Poor glycaemic control, as indicated by HBA1c ≥7%, was observed in 85% of participants in the present study. These results are similar to previous studies in Southern Africa [10]. If left unmanaged, poor glycaemic control positively influences dyslipidaemia [32] and increases the risk of cardiovascular events for every 1% increase in HBA1c level [33]. These considerations necessitate re-strategising the monitoring and delivery of efficacious interventions like dietary adjustments, glucose monitoring and physical exercising to help improve glucose control.

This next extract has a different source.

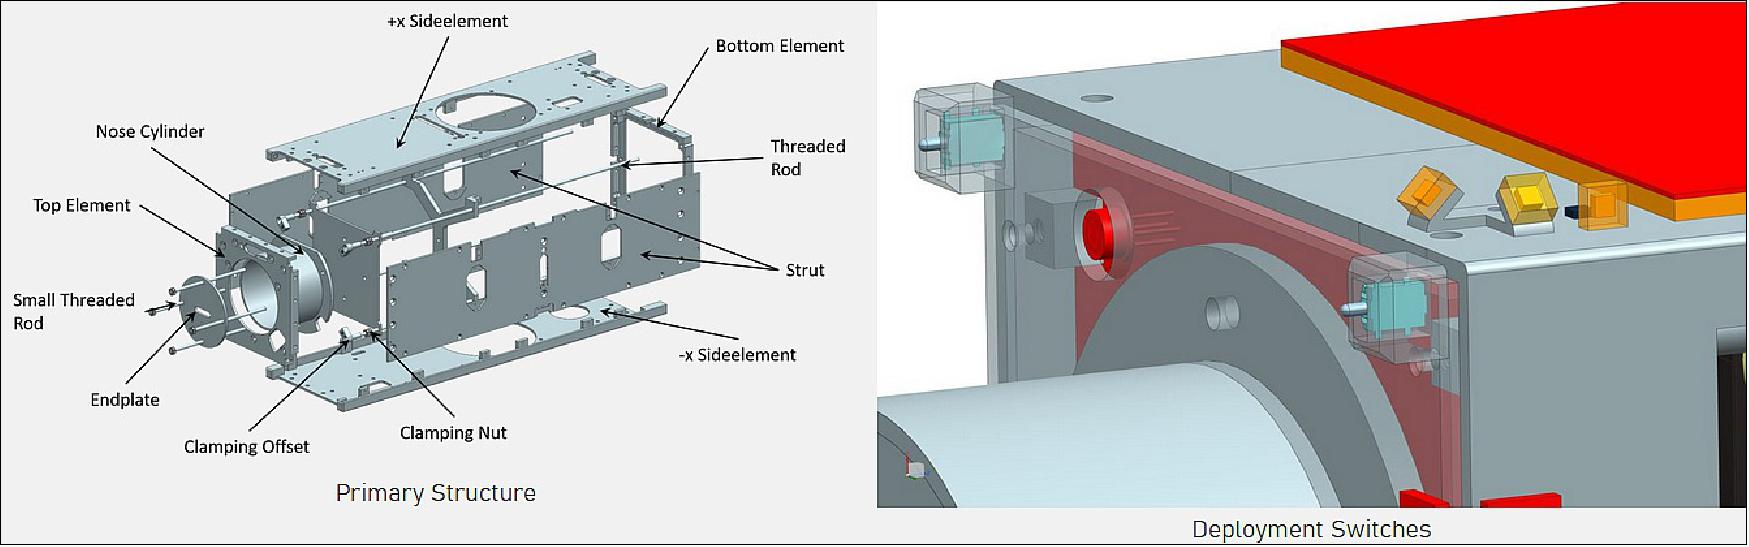 Figure 8: Illustration of the primary structure and the deployment switches (image credit: SOURCE collaboration)

The interplay of obesity among individuals with DM, dyslipidaemia and poor glycaemic control in this study is significant as it relates to increased cardiovascular risk. A complex interaction of biochemical parameters has been described relating how obesity, genetic predisposition, oxidative stress, and inflammatory markers relate to diabetic dyslipidaemia and hence mediate CVDs [34,35,36]. Diabetic dyslipidaemia positively influences oxidative stress, a pro-inflammatory environment, with higher inflammatory markers such as C-reactive protein and 4-hydroxynonenal adducts and cellular damage hence influencing ASCDs [35, 37]. Additionally, obesity and dyslipidaemia in DM have been associated with lower serum adiponectin levels, a decreased expression of genes expressing adiponectin such as rs2241766 and rs1501299 and their respective receptors [34, 36]. Furthermore, obesity in DM is linked to higher leptin levels which influences endothelial dysfunction and the development of ASCDs [38]. Strategies towards decreasing the prevalence of dyslipidaemia, obesity and poor glycaemic control are, therefore, imperative to reduce cardiovascular risk in this population.

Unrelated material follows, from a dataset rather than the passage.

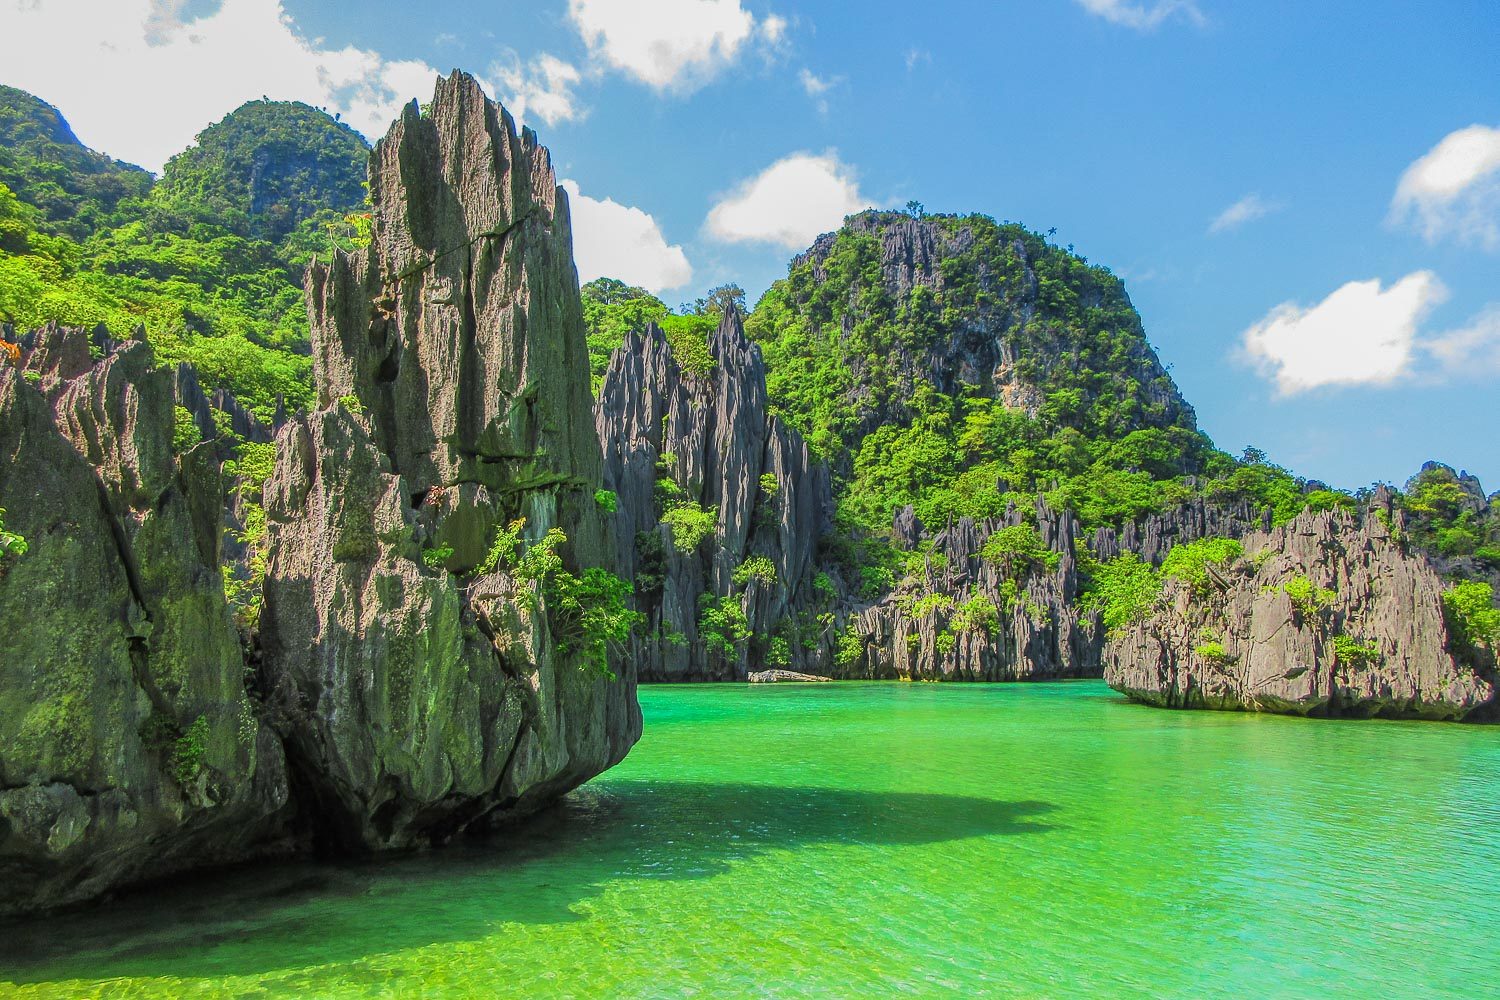 LAGOON. Cadlao Lagoon has emerald waters and towering limestone formations surrounding it.

Although smoking and alcohol consumption are known risk factors for dyslipidaemia, there was no statistically significant association with dyslipidaemia in this study. The prevalence of smoking and alcohol consumption in this study was lower than NCD STEPwise survey findings (1 and 5% versus 11.2 and 17%, respectively) [25]. The lack of significant association would have likely been due to the lack of statistical power, owing to the low prevalence of the conditions in this study. Moreover, the participants may have underreported since they are advised to abstain from alcohol and smoking at the DM clinic during health education sessions.

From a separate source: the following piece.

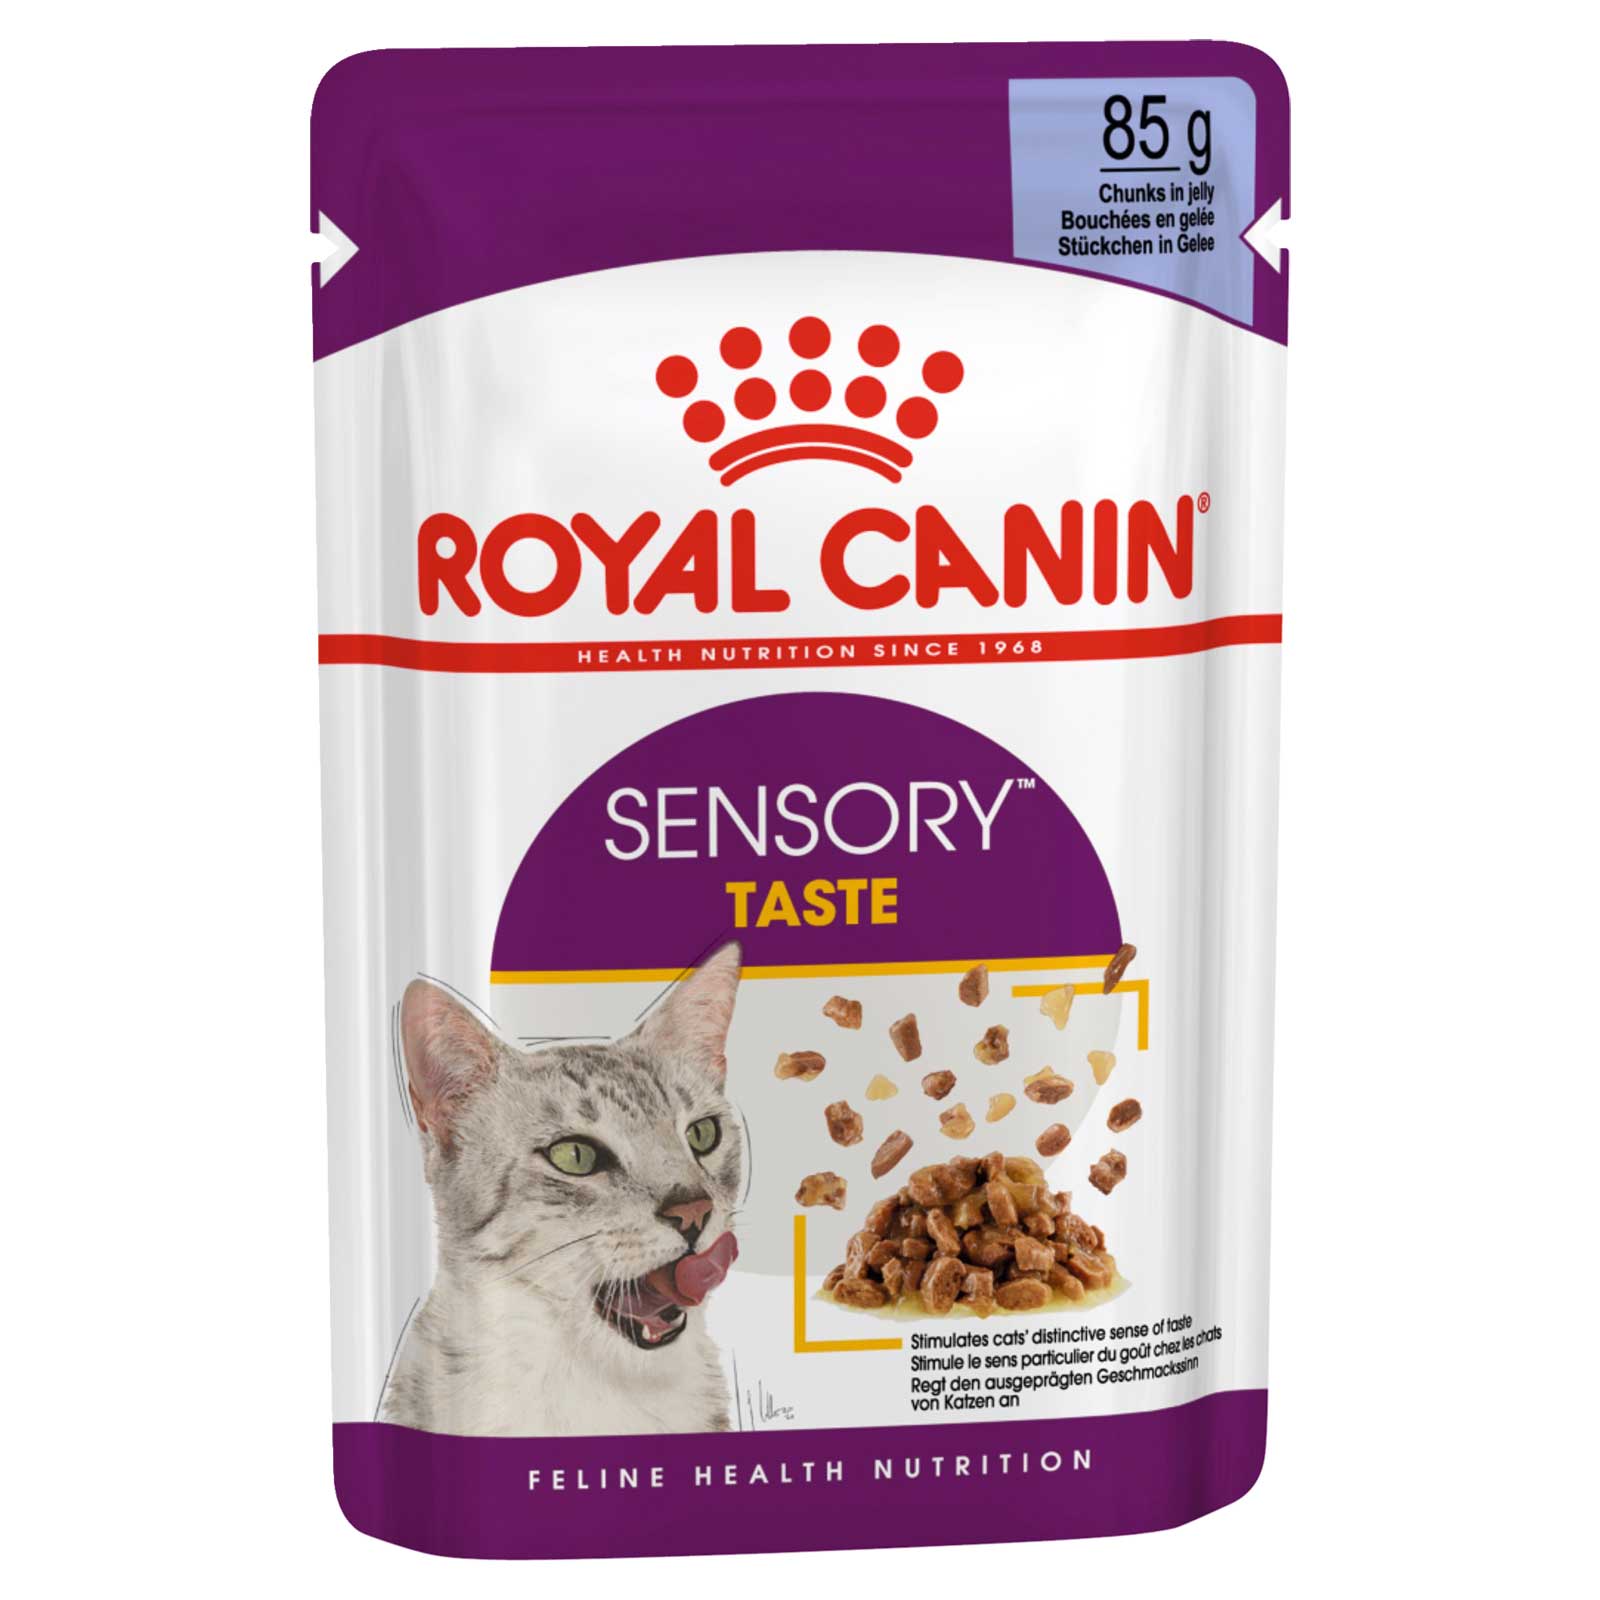 Royal Canin Cat Food Pouch Adult Sensory Taste Jelly

The HIV prevalence in the study population was 11%. A previous study in Malawi showed that the rates may be as high as 20% among people with DM [14]. Dyslipidaemia and DM increase the risk of ASCDs up to 2.4-fold in people living with HIV (PLWH) [19, 39,40,41,42]. In this study, the association of HIV and dyslipidaemia approached significance, and low power may have influenced the lack of statistical significance due to the low prevalence of HIV among the participants. Nevertheless, it is essential to carefully consider the choice of lipid-lowering therapy in PLWH with DM and dyslipidaemia [43]. Atorvastatin is the preferred choice of statin among PLWH, unlike simvastatin and rosuvastatin, due to the high risk of drug interactions with antiretroviral drugs [43, 44]. Clinicians must evaluate potential drug-drug interactions between lipid-lowering agents and ARVs before prescription [43, 45].

This study had its limitations. The cross-sectional nature may not establish a cause-and-effect relationship. Nonetheless, our study complements previous findings on the high prevalence of diabetic dyslipidaemia in Malawi at tertiary hospitals and informs the need for clinical guidelines on screening and management of diabetic dyslipidaemia at facilities in Malawi.

Conclusion

This study highlights the high prevalence of diabetic dyslipidaemia characterised by a high frequency of elevated LDL-C, with overweight and obesity as an independent positive predictor. These results reinforce the need to proactively address dyslipidaemia, overweight and obesity among individuals with DM in LMICs as one of the significant ways of reducing the risk of ASCDs among this population group.